There are couple of other things in Nathan’s more recent response (and I
say this from a stance of great respect for his work) that I wanted to
comment on more broadly, although I am aware that this list-serv is not
really the appropriate place to get bogged down in this, and it is not
really a place for personal quibbles, so I’ll make my comments and then
drop it:


1. To quote Nathan: “The information in a publication cannot be verified
unless the data is released.”


If this is understood as categorically true, there is a risk of nullifying
some of the most important published works in our field. Even if one has
access to sound and video files and field notes through a data set
publication or release, there are still potentially matters of contention
and debate in a description or analysis. Even field notebooks (the standard
piece of documentation equipment in the event that recorders are not
available) are ultimately a derived representation of actual language use.
Not everything in linguistic analysis is subject to instrumental
verification or can easily be “check(ed) (for) accuracy.” Publications that
do not have a companion full data-set (that is publicly available) can
still be extremely valuable (for example, many of the exhaustive reference
grammars written and published before the advent of online, public
repositories, or even based on impressionistic researcher observations when
recording equipment was hard to come by, and what ultimately makes it into
a grammar is still probably just a sliver of what the researcher acquired
by whatever means in their fieldwork). That is (hopefully) what a strong
methodology section in the publication, and also the peer review process
help to ensure.


2. “As for Donohue, why he is so reluctant to publish his data is a mystery
to me, despite having me asked him myself this question….”

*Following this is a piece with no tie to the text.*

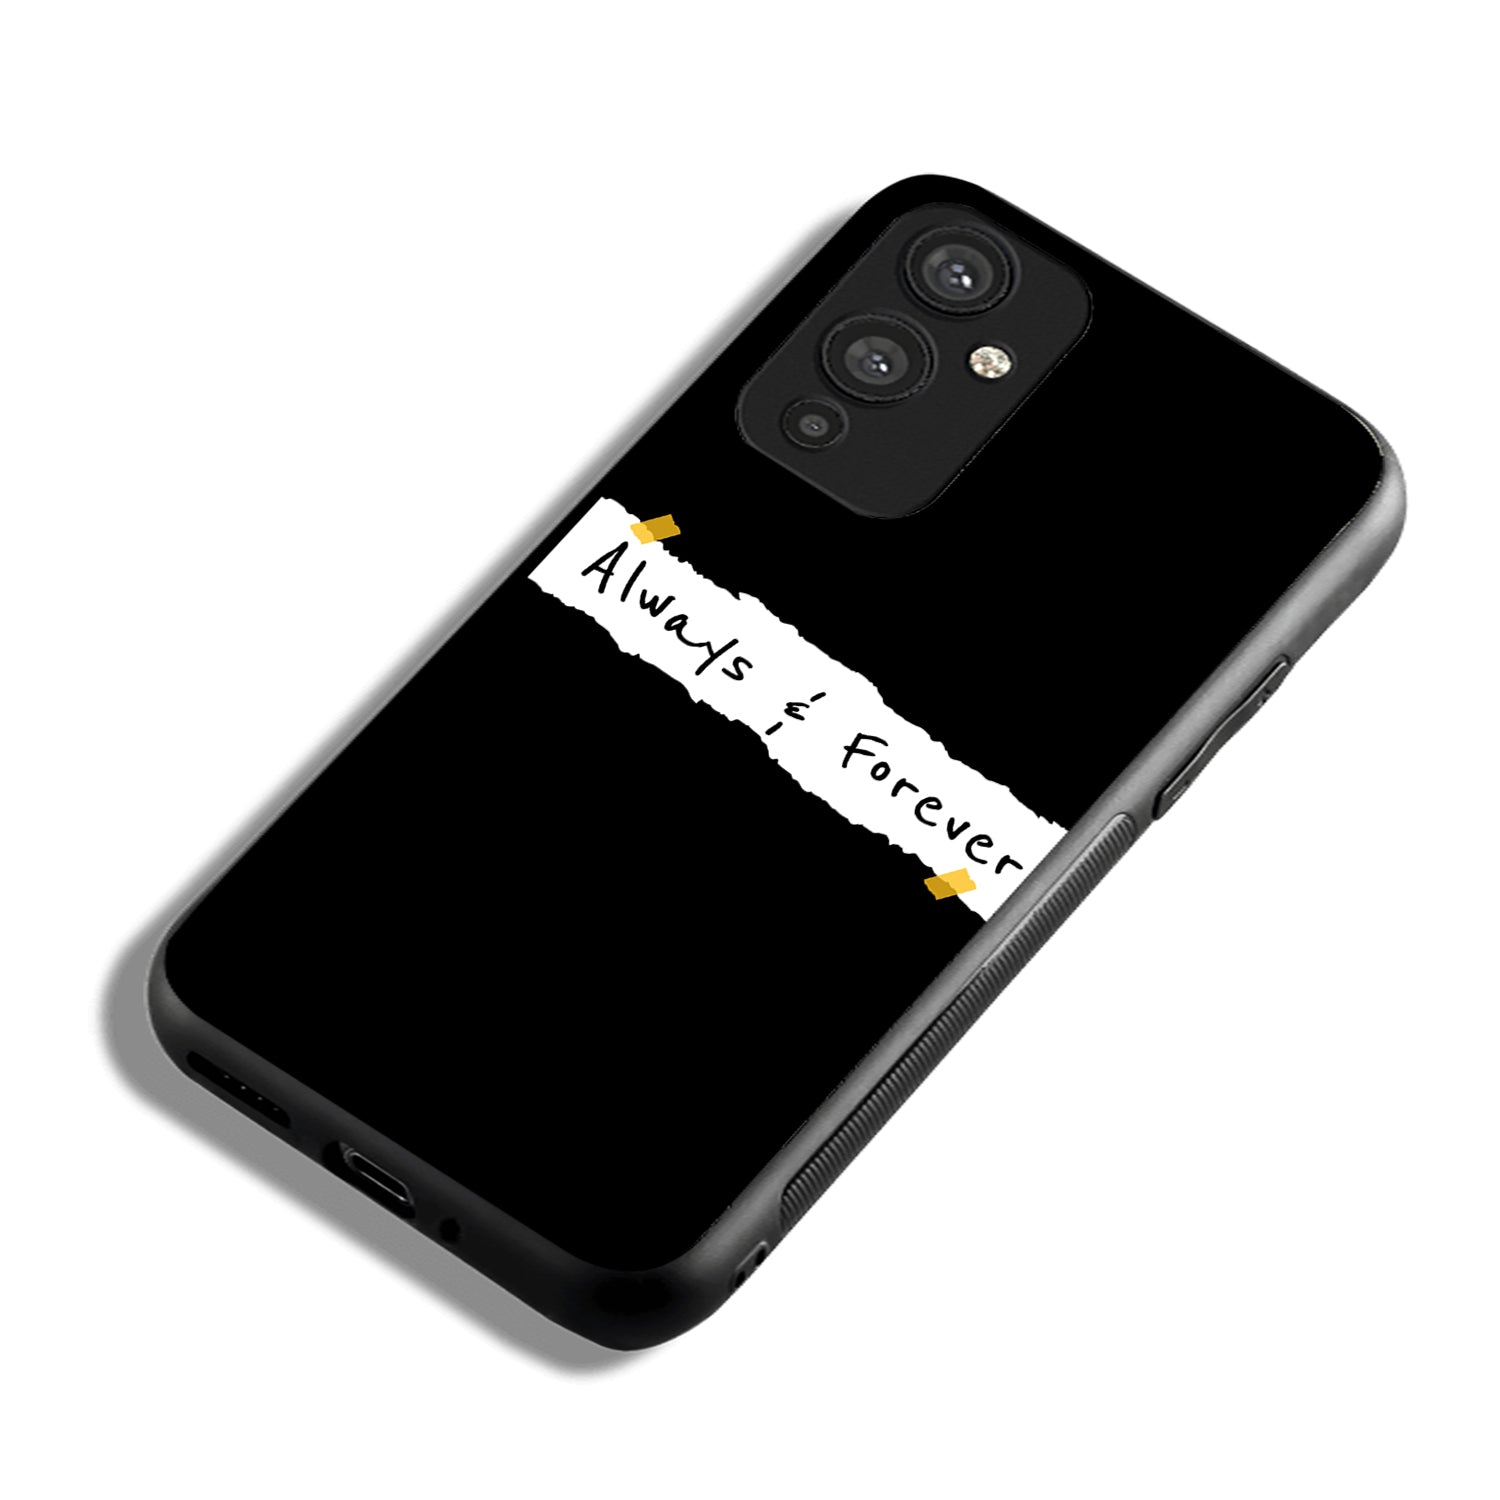 Always And Forever Bff Oneplus 9 Back Case

I don’t think this is appropriate or fair—as I noted above, there are (and
have been) many valuable descriptive and analytical contributions in our
field in which the entire data set is not publicly stored in an archive or
repository. If we want to call out one individual for a reluctance or
inability (or whatever) to put everything into some online repository, then
we should also call out any other field researcher who has gathered data
recently who has also not fully released all materials (I guess I would be
one of those people, too!)…. I’m not comfortable with that. If scholars
decide, for example, that they don’t want to trust Mark’s or David’s
published descriptions and analyses because there is no companion data-set
available, then that is their own call, and we can also be grateful for the
presence of Tim and Uday’s materials.


3. “When the public funds research, it is a mystery to me why researchers
do not want the public to check the accuracy of their work and build upon
it…”


Actually, I’m the President of the Endangered Language Fund, which partly
supported Uday and Tim’s work on Kusunda. We are not a “public fund”
(funded by taxes) in the same way that a U.S. federal agency like the NSF
or NEH are, or that AHRC or ESRC are in the United Kingdom. ELF grants do
require archiving of the material collected by our funded work, *but it
does not have to be publicly available*. That is a decision that the
community makes in communication and partnership with the researchers. And,
a community and researcher can even decide to keep some/most/all of a
corpus private but still allow publications on aspects of that language,
using selected examples or pieces.


ELF offers its grant awardees three levels of access to materials: Public,
ELF-internal for administrative and reporting purposes only, and a 5 year
embargo in which internal will transition to public (NSF offers similar
options). I cannot speak for what the donors on their GoFundMe campagin did
or did not want. In the case of Tim and Uday, the data found in the Zenodo
repository all look to be fully accessible to whomever wants to use them,
and for whatever purposes. And, although I myself have never made use of it
for my own materials, Zenodo looks to be a trustworthy and sustainably
managed repository, which satisfies the needs of ELF. That’s all fine, and
we understand this to be a reflection of an agreement between them and the
(participating) Kusunda community (or the remaining representatives, since
it is moribund). But not all communities want to have collected materials
available to the public in the same ways, and as researchers, we should
also respect that. Furthermore, not all people who are interested in
documenting their/a language have access to the same types of resources or
knowledge about places to put data. Things are starting to change, and I
think that the research community can play a leading role in being the
change that we want to see, but it has to be done in a way that respects
the integrity and desires of the speech community and is open and
encouraging to scholars and those relationships.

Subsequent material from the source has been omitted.